Repeat the data exactly. Pictures stay out.

----- INFORMATION SHOWN -----

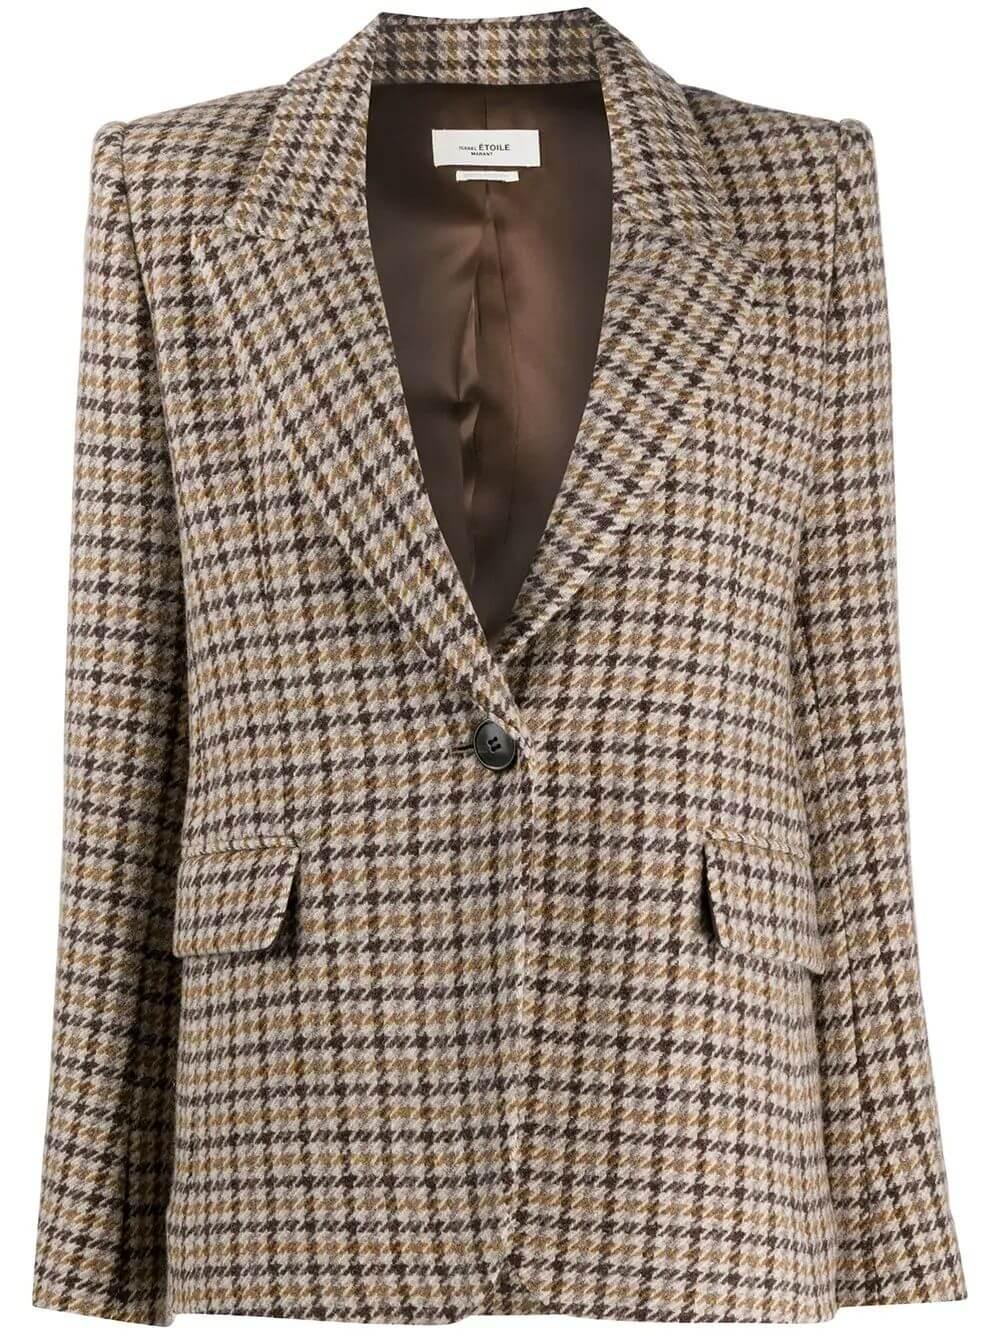 Kerstin Houndstooth Jacket Item # 20AVE1359-20A025E
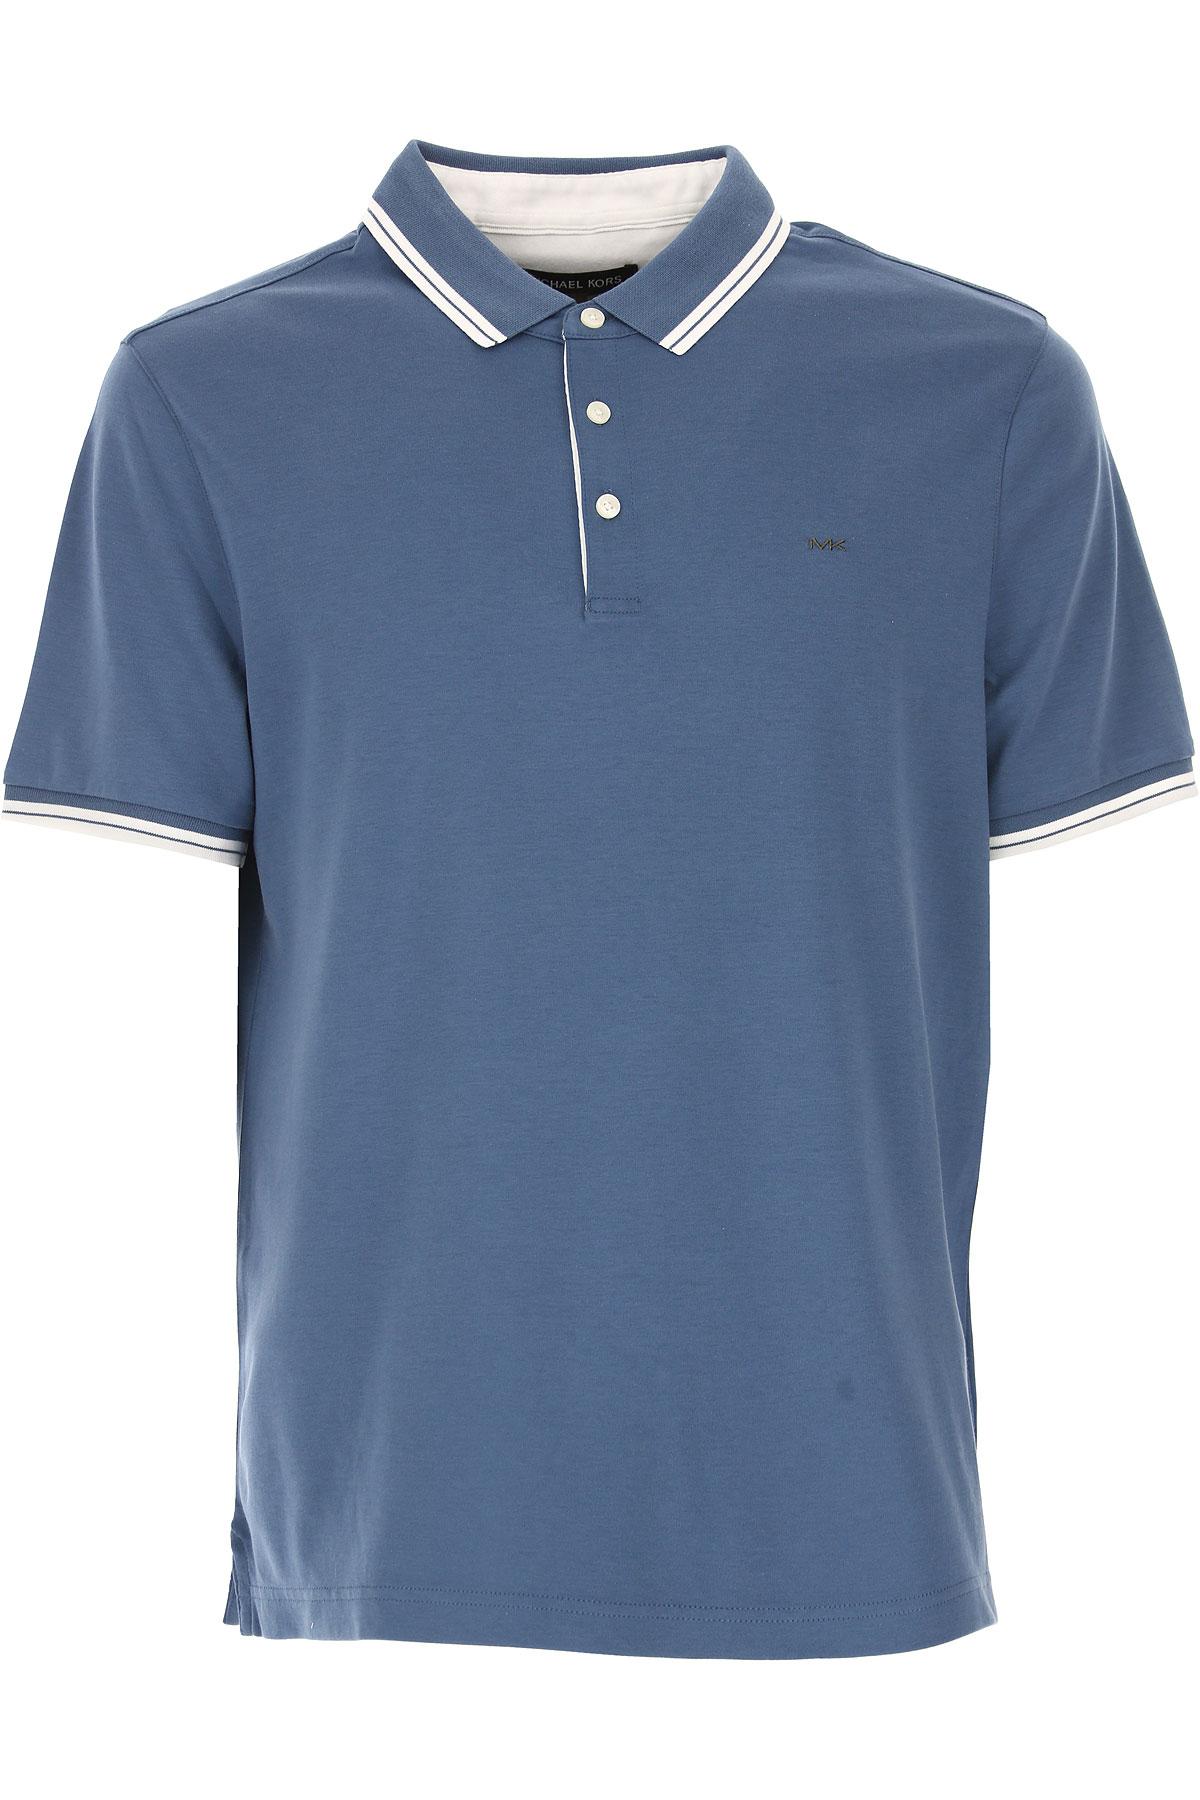 Michael Kors Polo Shirt for Men On Sale in Outlet, Bluette, Cotton, 2019, M S
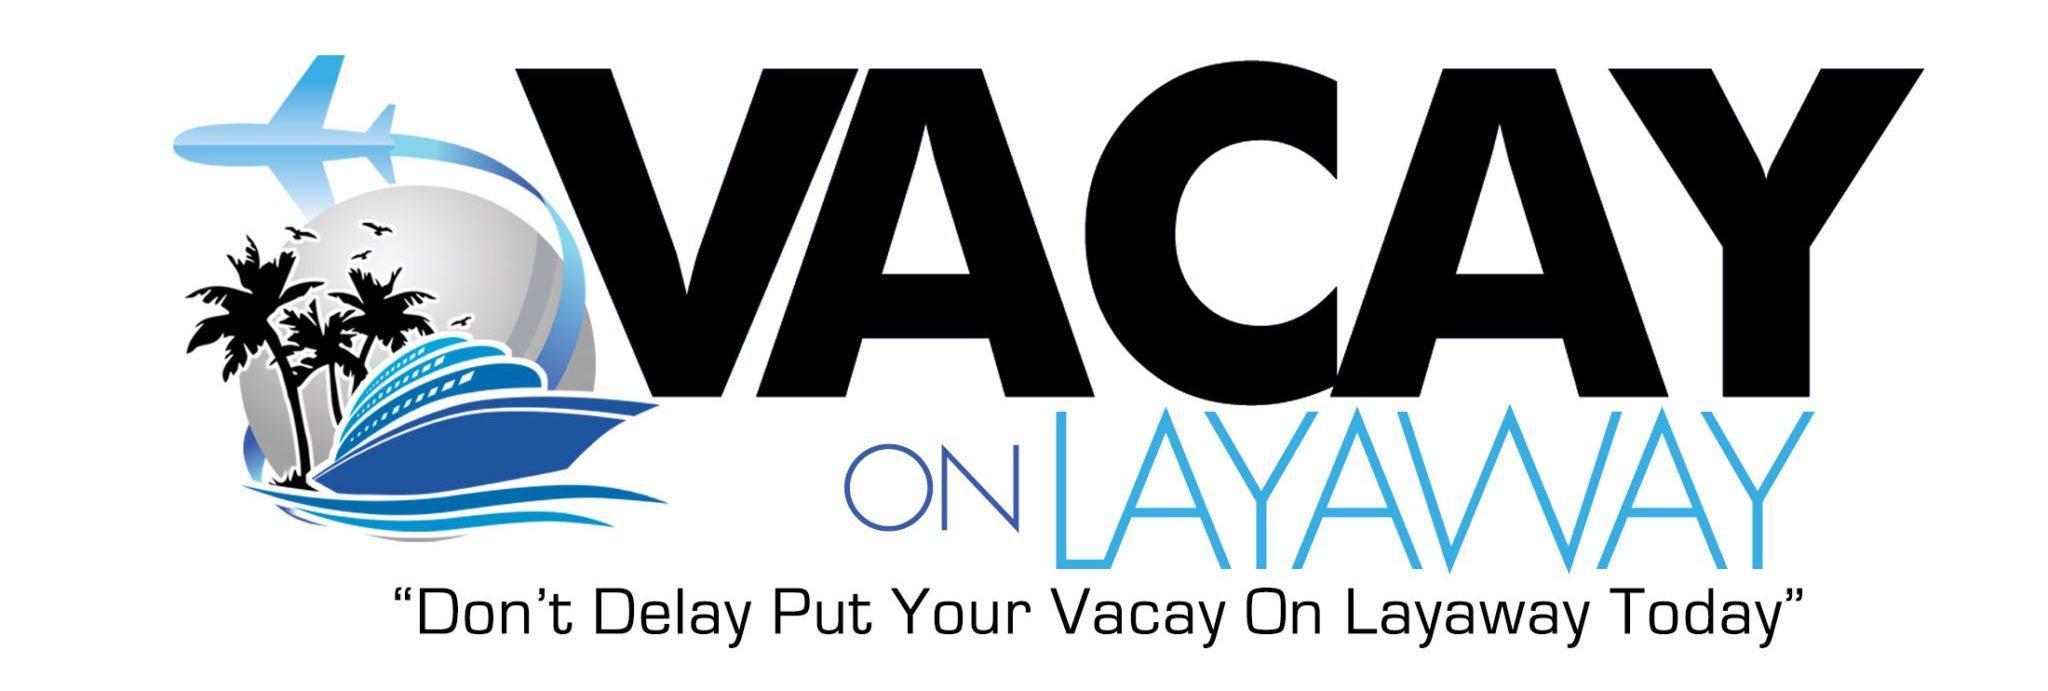 Vacay On Layaway
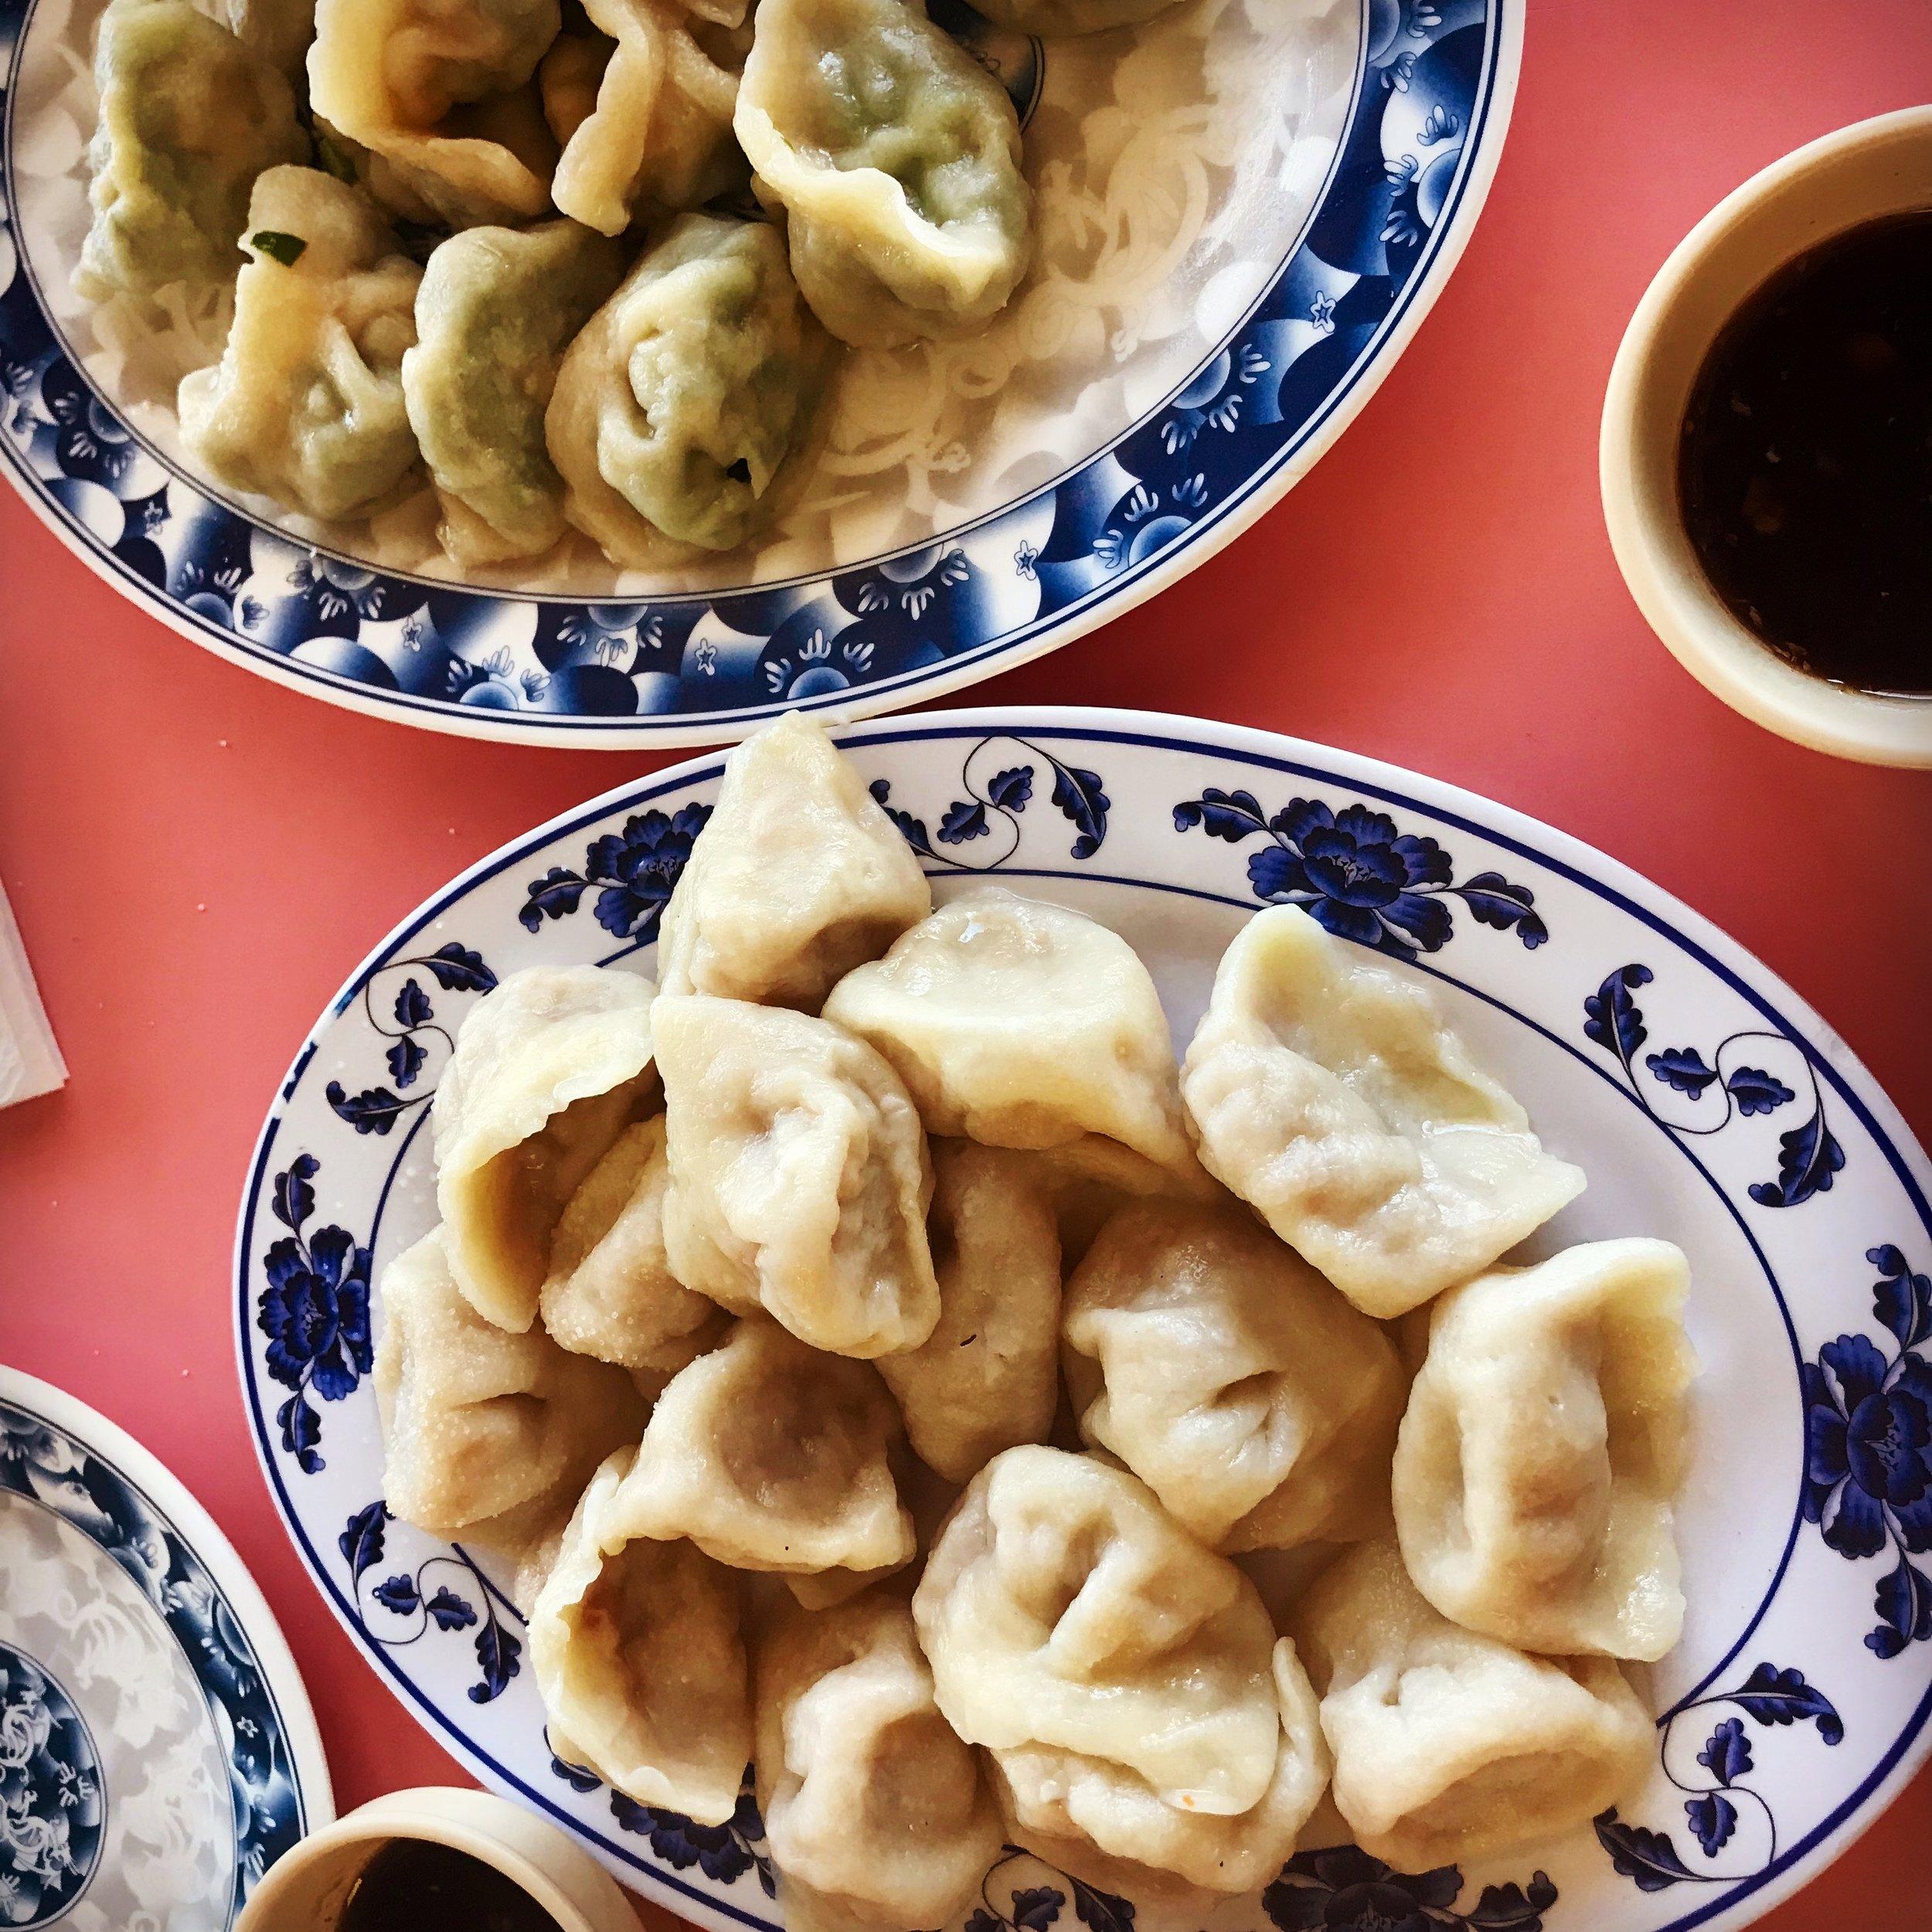 Dumplings at China Pasta House

-----

- _RESPONSE FOR THIS EXERCISE_:
 Kerstin Houndstooth Jacket Item # 20AVE1359-20A025E
 Michael Kors Polo Shirt for Men On Sale in Outlet, Bluette, Cotton, 2019, M S
 Vacay On Layaway
 Dumplings at China Pasta House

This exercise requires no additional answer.